**What to do**
Repeat the listing below exactly from the line with "Fuel Pump Module" through its last line. Skip every picture.

**Provided data**

_ _ _ _ _ _ _

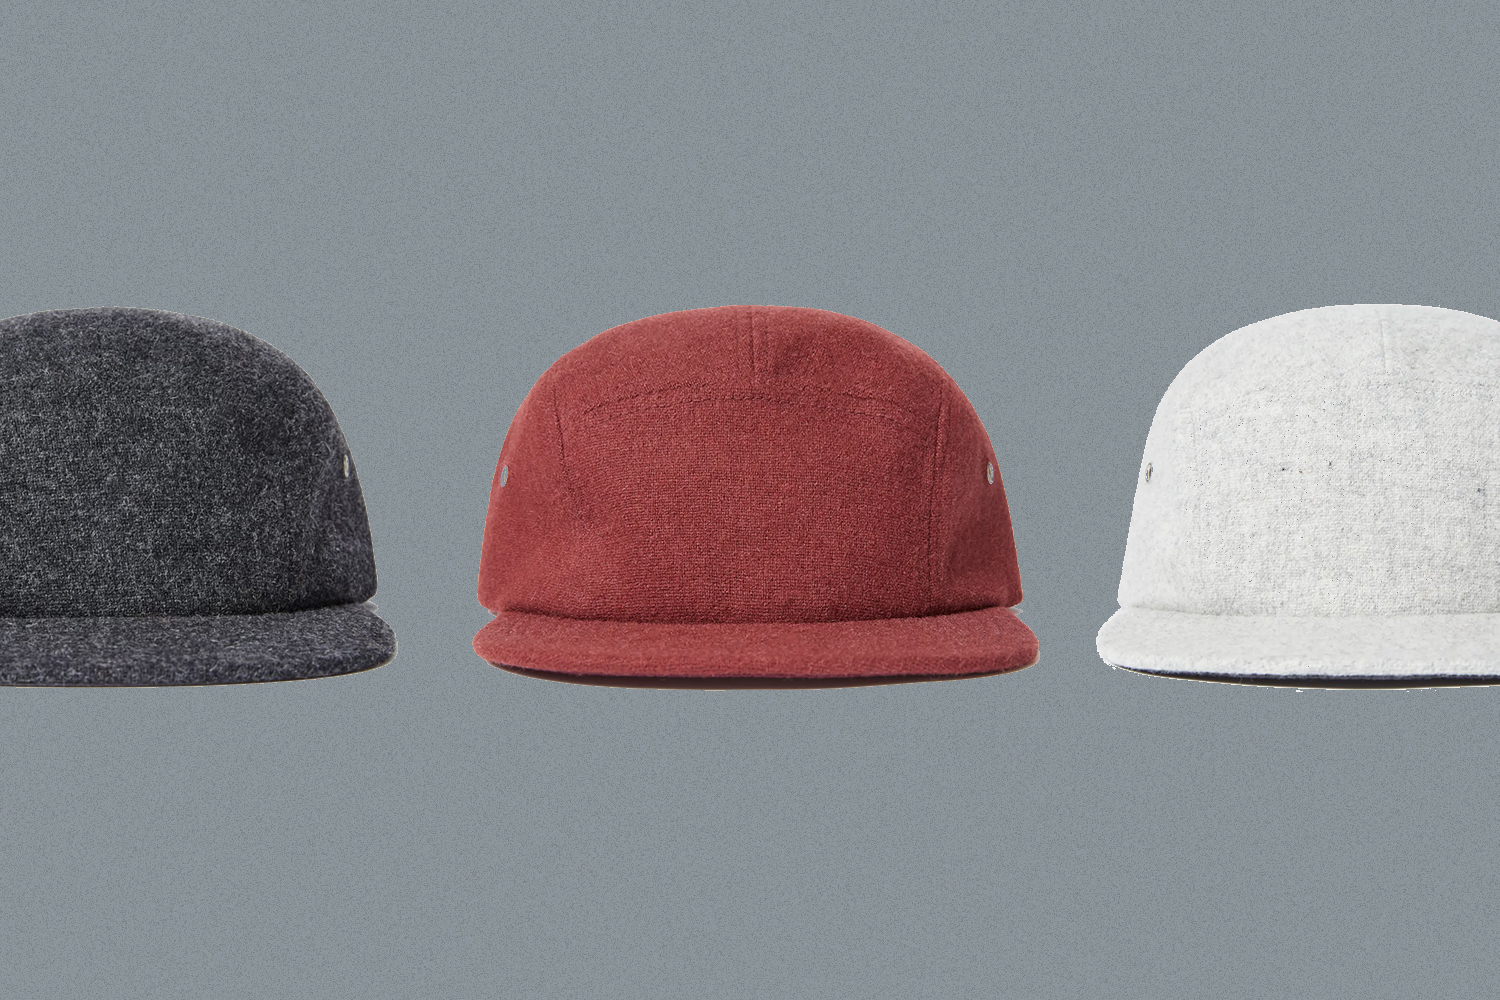 Everlane’s Wool Five-Panel Cap Is the Perfect Cold-Weather Companion
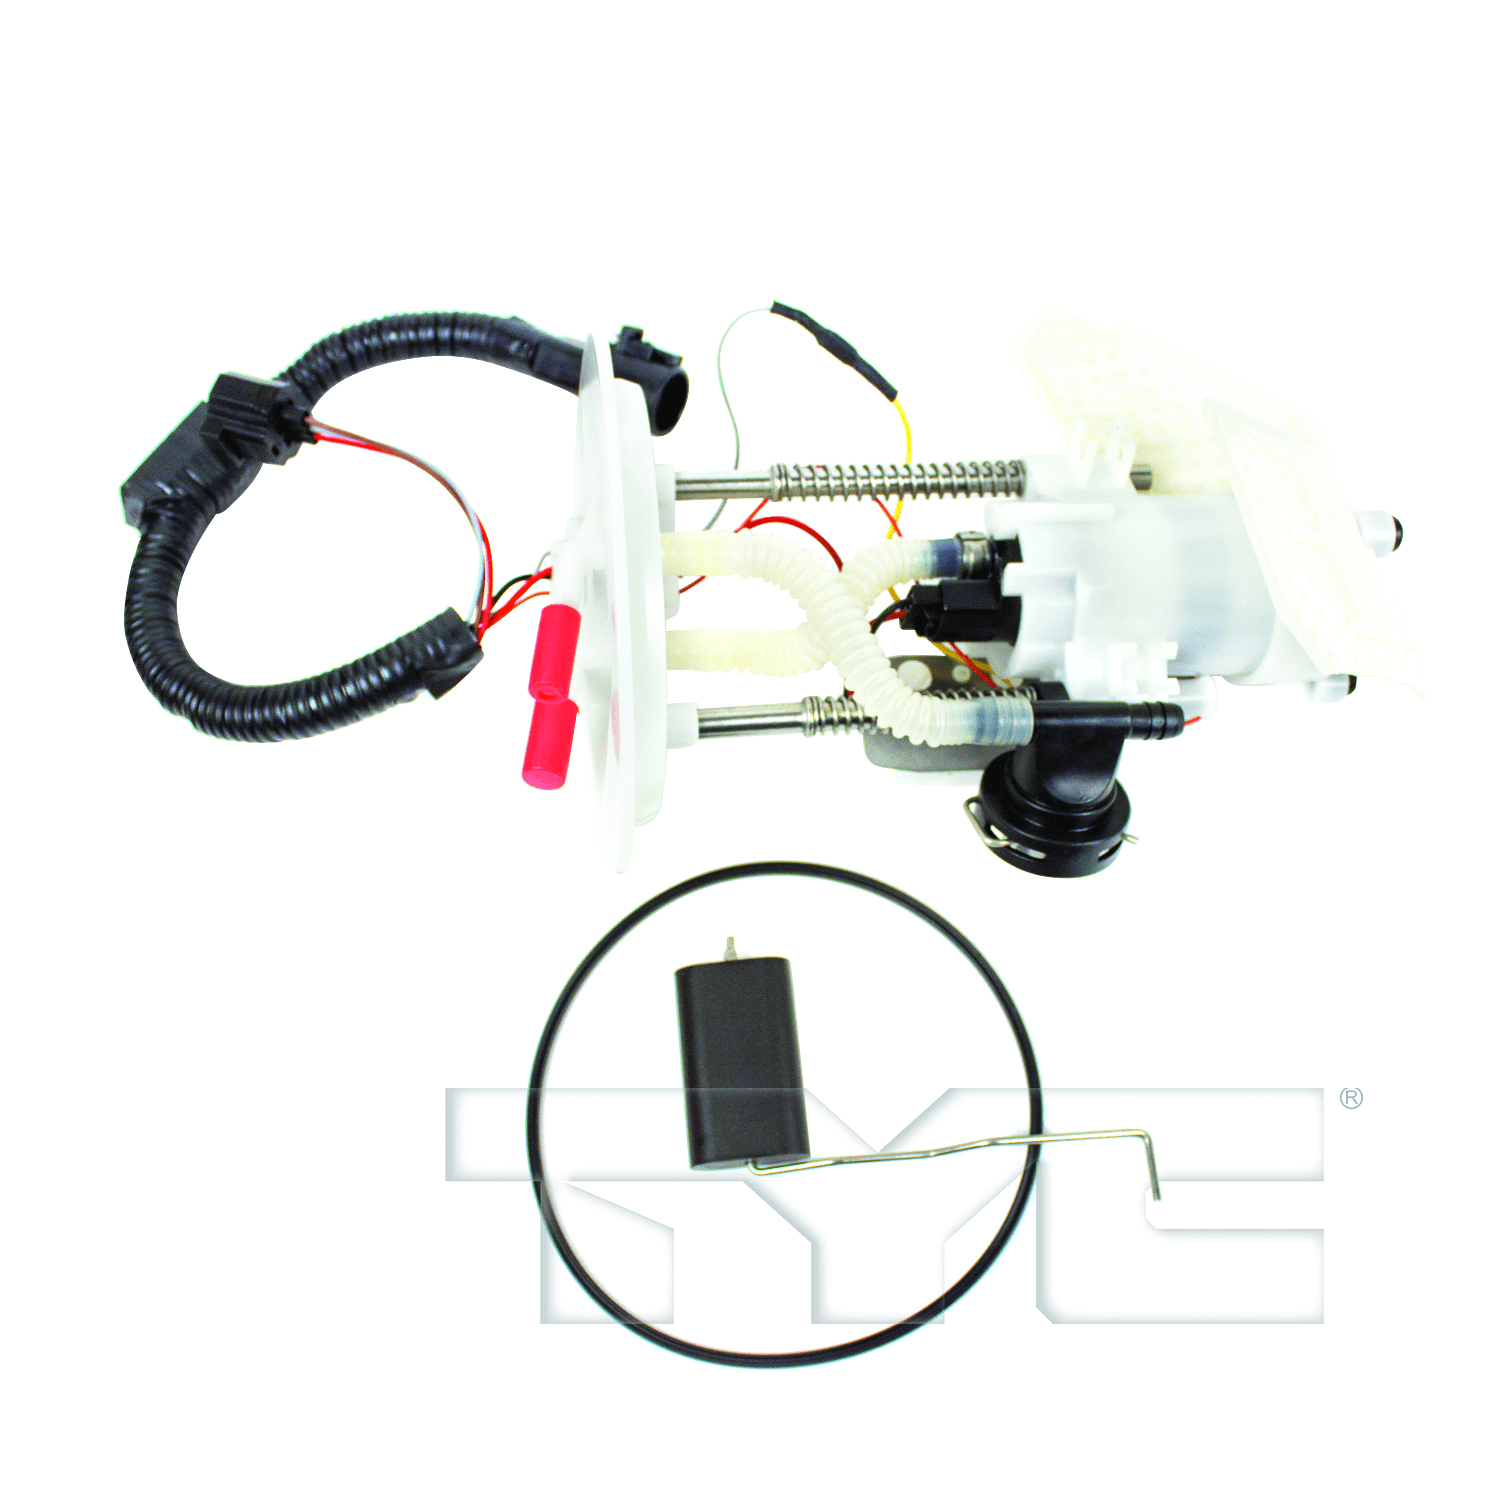 Fuel Pump Module Assembly for Ford Explorer Mercury Mountaineer V6 4.0L 02-03 
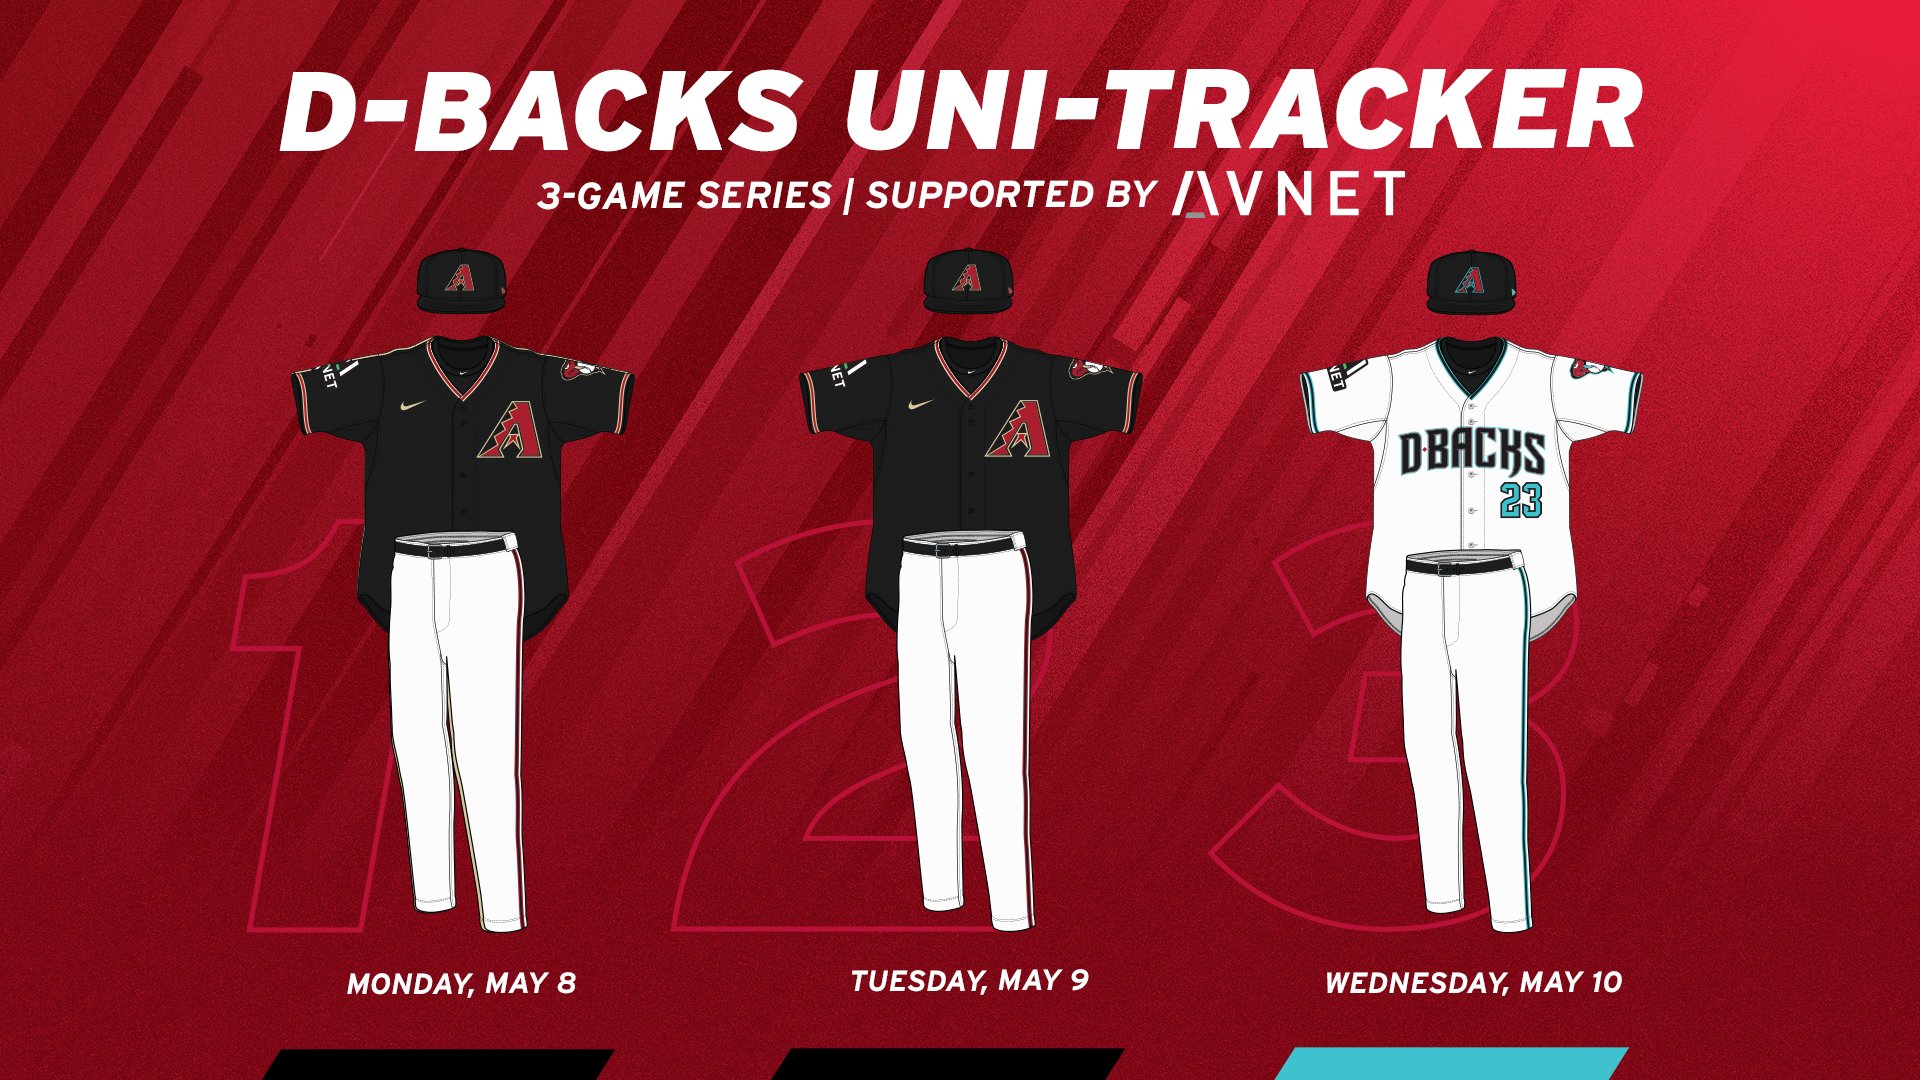 I believe the D-Backs should bring back the teal and purple

_ _ _ _ _ _ _

**Your response**
 Fuel Pump Module Assembly for Ford Explorer Mercury Mountaineer V6 4.0L 02-03 
 I believe the D-Backs should bring back the teal and purple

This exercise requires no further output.